§ Exercise objective: Work through the data below line by line and say how many lines hold "Stock"; give only the number.

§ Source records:
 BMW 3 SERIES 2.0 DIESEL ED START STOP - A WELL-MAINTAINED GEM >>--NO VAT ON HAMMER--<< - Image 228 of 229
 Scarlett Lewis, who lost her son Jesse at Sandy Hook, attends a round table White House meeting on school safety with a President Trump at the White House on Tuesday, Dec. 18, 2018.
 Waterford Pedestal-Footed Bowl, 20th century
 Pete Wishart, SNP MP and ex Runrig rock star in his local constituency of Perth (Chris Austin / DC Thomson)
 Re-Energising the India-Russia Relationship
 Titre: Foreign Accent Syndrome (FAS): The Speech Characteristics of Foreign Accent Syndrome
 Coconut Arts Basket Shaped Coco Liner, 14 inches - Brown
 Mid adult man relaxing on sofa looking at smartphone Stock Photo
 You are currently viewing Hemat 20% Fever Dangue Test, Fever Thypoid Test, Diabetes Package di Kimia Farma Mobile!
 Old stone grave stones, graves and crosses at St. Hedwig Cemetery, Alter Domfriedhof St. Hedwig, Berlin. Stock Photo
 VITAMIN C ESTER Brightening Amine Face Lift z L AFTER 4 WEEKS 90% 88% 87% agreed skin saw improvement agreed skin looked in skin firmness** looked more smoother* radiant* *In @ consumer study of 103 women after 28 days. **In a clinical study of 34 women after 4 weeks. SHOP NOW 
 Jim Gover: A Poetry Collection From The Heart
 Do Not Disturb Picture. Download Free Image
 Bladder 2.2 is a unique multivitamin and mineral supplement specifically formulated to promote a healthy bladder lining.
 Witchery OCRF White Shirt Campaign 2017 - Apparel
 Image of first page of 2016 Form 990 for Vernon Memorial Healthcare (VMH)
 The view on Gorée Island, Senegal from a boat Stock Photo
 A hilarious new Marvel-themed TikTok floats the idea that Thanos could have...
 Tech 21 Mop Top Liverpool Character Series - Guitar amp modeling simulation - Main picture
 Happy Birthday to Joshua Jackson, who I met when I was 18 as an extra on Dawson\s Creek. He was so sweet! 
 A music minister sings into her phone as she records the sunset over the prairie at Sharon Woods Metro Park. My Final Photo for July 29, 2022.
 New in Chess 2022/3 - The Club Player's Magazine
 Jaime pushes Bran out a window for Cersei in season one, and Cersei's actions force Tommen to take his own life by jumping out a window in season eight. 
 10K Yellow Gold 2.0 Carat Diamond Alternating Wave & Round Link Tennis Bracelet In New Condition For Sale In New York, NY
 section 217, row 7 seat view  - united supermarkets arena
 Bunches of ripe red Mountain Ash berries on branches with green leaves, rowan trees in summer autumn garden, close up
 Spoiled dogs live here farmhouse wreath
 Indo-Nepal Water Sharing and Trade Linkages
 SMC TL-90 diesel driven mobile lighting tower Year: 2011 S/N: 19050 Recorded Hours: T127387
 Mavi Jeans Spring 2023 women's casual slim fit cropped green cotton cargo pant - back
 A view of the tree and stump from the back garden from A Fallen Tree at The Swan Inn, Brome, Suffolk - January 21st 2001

§ Result of this exercise: 3